# Influence of airspeed and engine rpm + g force equation

Thread Starter

Join Date: Aug 2009

Location: UK

Age: 34

Posts: 29

**Influence of airspeed and engine rpm + g force equation**

Hi guys,

Some of you will be aware I am putting together a flight simulator, just as a learning excersize really. I am getting pretty far with the flight model now. The aerofoils are all behaving as expected.

Very early vid if anyone is interested.. ( It's come on quite a long way since then )

What I would like to do now is get the engine behaving correctly.. I have a basic force generated by the prop based on the rpm. (I will soon change that so that the prop is an actual aerofoil and generating lift much like the wings. ) What I don't understand yet though is the relationship between airspeed and RPM...well I get what happens, if you are in a steep dive / climb etc but what I am looking for is the maths that describes this relationship. Is there an equation to describe this? Or an approximation ? Or just some futher detail of the physics behind it so I can create a rough model.
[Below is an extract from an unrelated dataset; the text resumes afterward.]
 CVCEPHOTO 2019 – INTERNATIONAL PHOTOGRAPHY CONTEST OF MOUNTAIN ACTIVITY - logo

Secondly g-force. How do I calculate the g's acting on my pilot? Possibly a bit simpler to answer

Thanks to anyone that has read all this and can help!

Chris

Some of you will be aware I am putting together a flight simulator, just as a learning excersize really. I am getting pretty far with the flight model now. The aerofoils are all behaving as expected.
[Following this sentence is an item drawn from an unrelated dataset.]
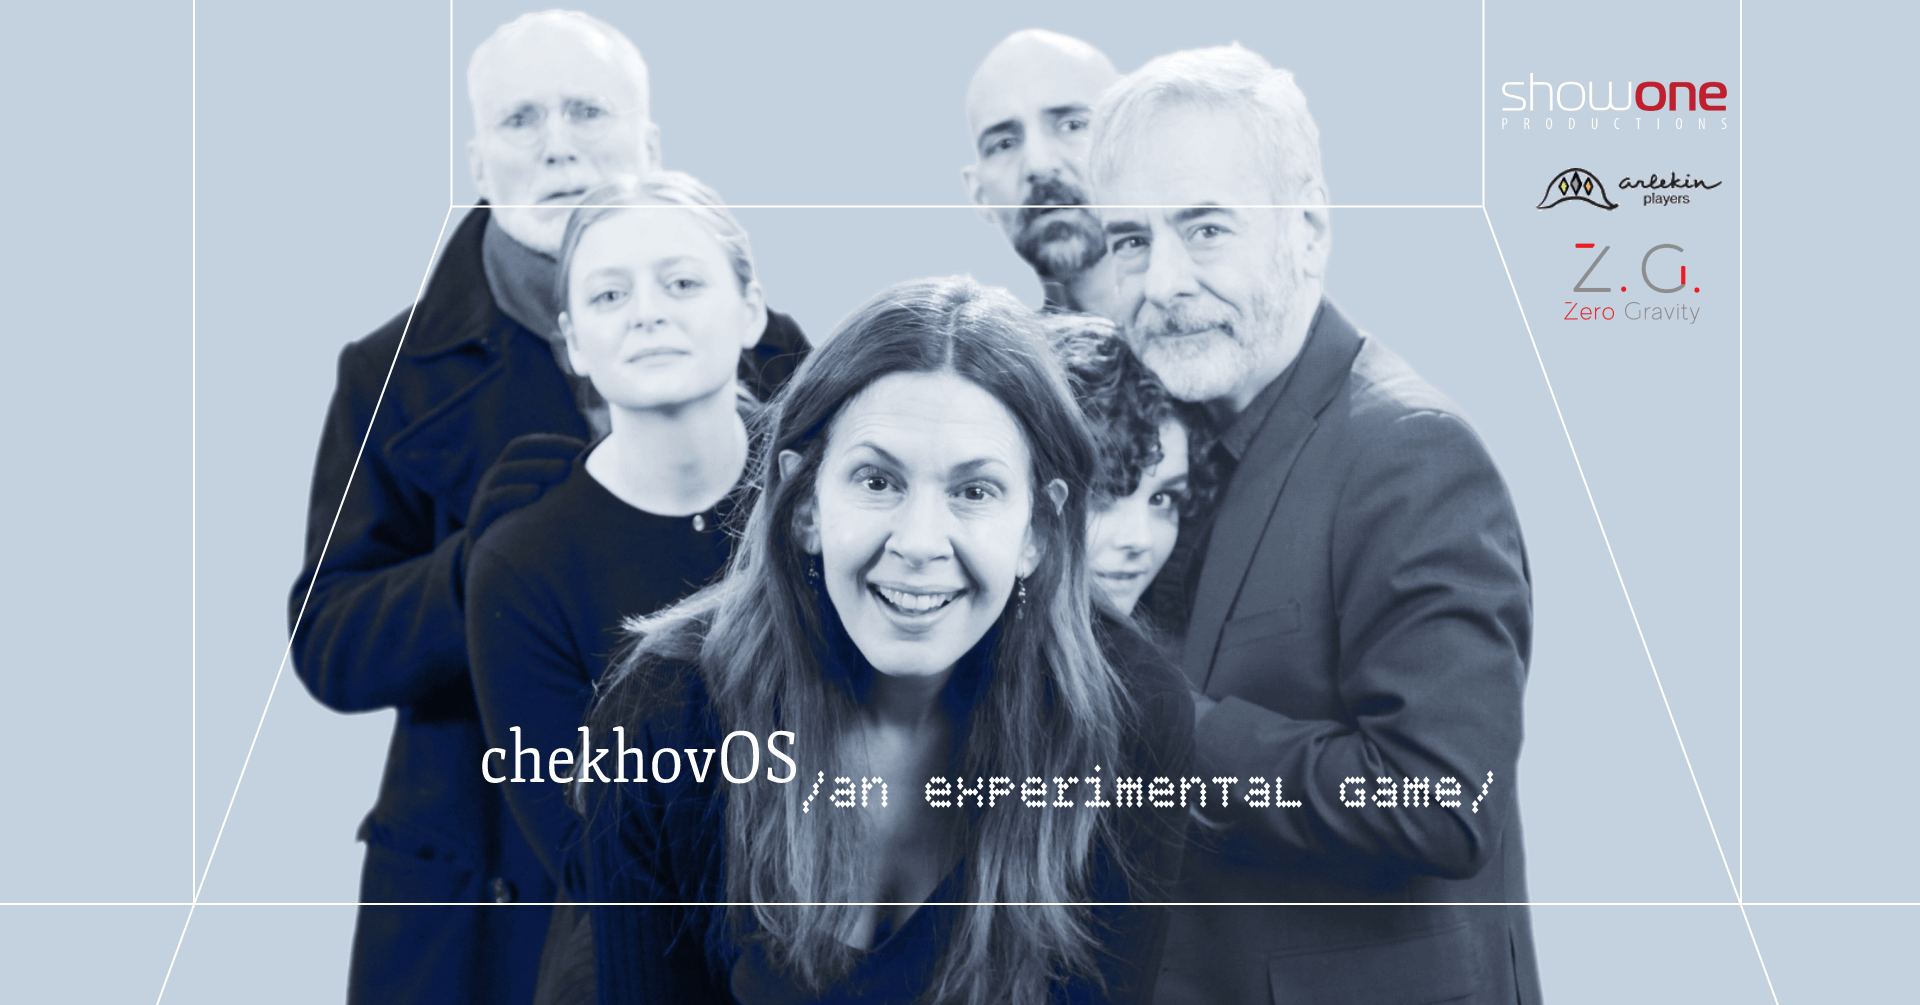 chekhovOS /an experimental game/

Very early vid if anyone is interested.. ( It's come on quite a long way since then )

What I would like to do now is get the engine behaving correctly.. I have a basic force generated by the prop based on the rpm. (I will soon change that so that the prop is an actual aerofoil and generating lift much like the wings. ) What I don't understand yet though is the relationship between airspeed and RPM...well I get what happens, if you are in a steep dive / climb etc but what I am looking for is the maths that describes this relationship. Is there an equation to describe this? Or an approximation ? Or just some futher detail of the physics behind it so I can create a rough model.
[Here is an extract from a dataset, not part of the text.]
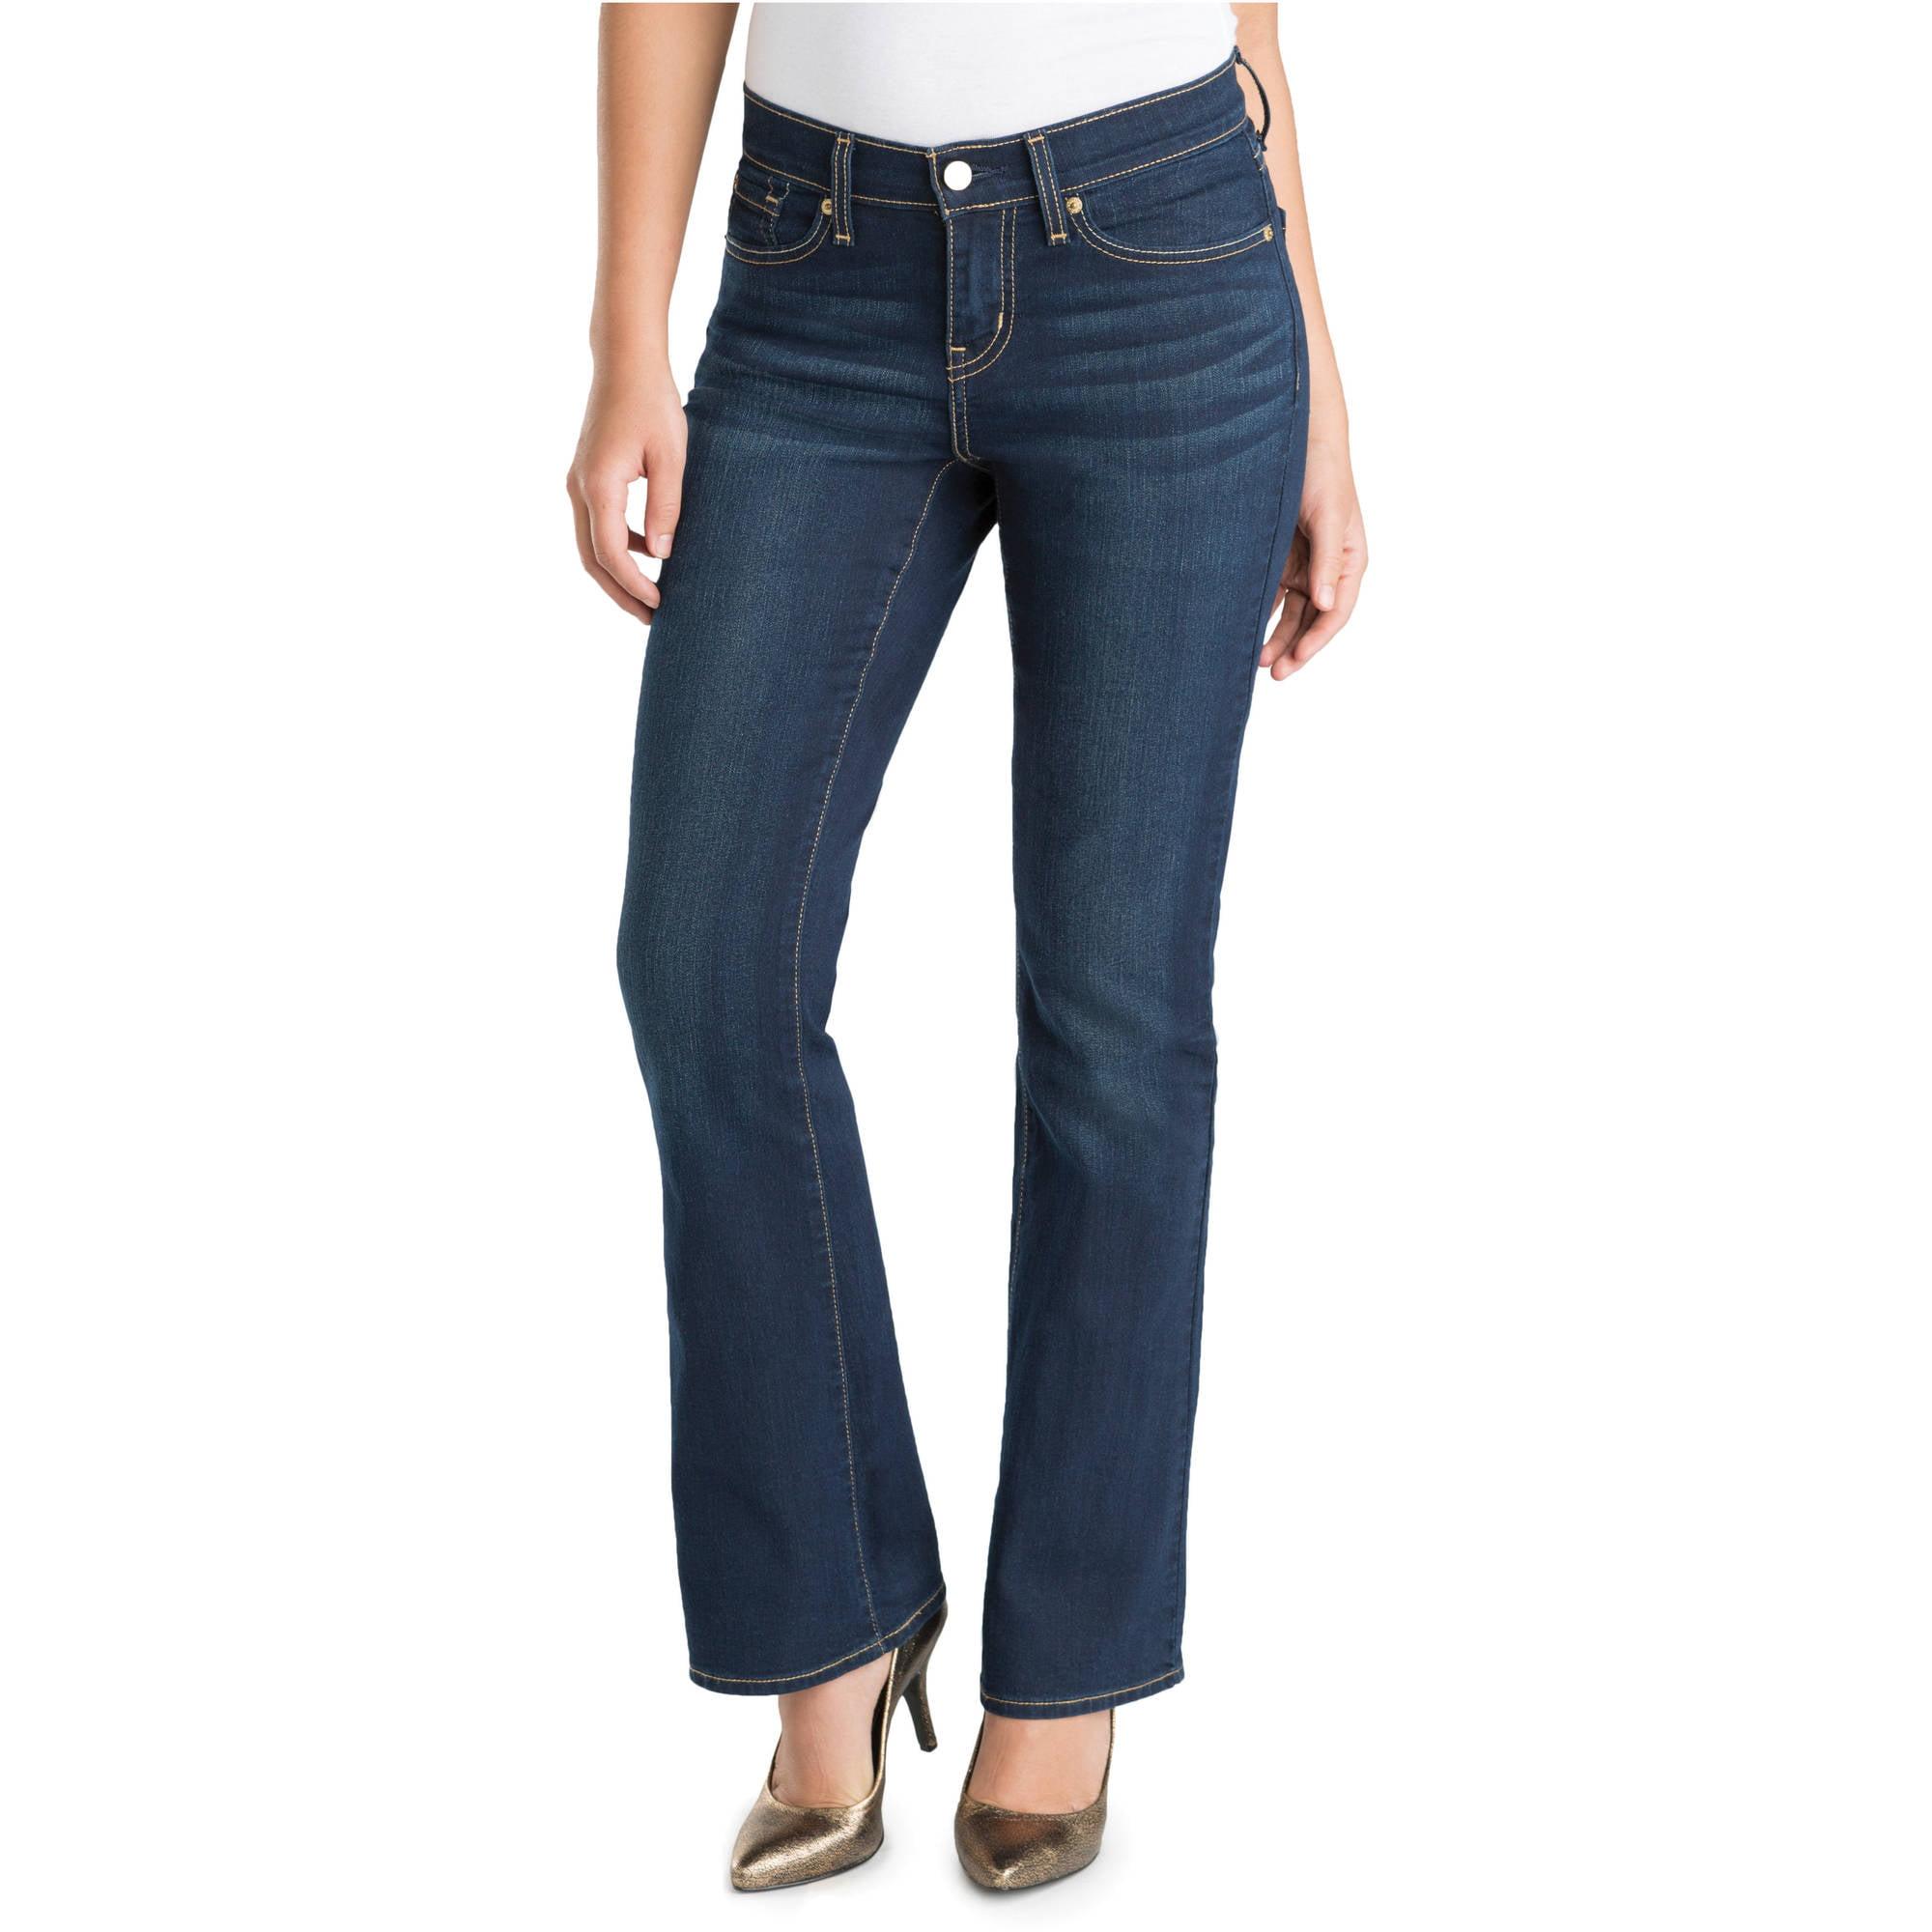 11cc896a0c2 Signature by Levi Strauss & Co. Women's Curvy Bootcut Jeans - Walmart.com

Secondly g-force. How do I calculate the g's acting on my pilot? Possibly a bit simpler to answer

Thanks to anyone that has read all this and can help!

Chris

Join Date: Oct 2000

Location: N. Europe

Posts: 436

a = v^2/r

For the prop, I think all will become clear as you do your airfoil model. Integrate the torque from drag and lift along the blade for various conditions. Consider what the airspeed does to the AoA of the blade. If you want it simple, the prop can probably be replaced with fixed-incidence blade segment at a constant radii and still render a believable simulation.

For the prop, I think all will become clear as you do your airfoil model. Integrate the torque from drag and lift along the blade for various conditions. Consider what the airspeed does to the AoA of the blade. If you want it simple, the prop can probably be replaced with fixed-incidence blade segment at a constant radii and still render a believable simulation.

Join Date: Apr 2008

Location: back of beyond

Posts: 98

If you've coded your flight model in anything like the usual way, you already have calculated the three components of the acceleration of the centre of mass of the aircraft. To a first approximation these can be used for the acceleration felt by the pilot. If the cockpit is substantially displaced from the centre of mass you also have to add in the corresponding moments of the angular accelerations, which your flight model should also provide.

Join Date: Mar 2011

Location: engineer at large

Posts: 1,409

a = v^2/r

a is acceleration due to gravity

velocity is measured in 'x' units per second, x being feet or meters

radius is the simple radius of the turn, for this calculation, in feet or meters

from the equation above, divide 'a' by 32 ft/sec/sec to get the g force.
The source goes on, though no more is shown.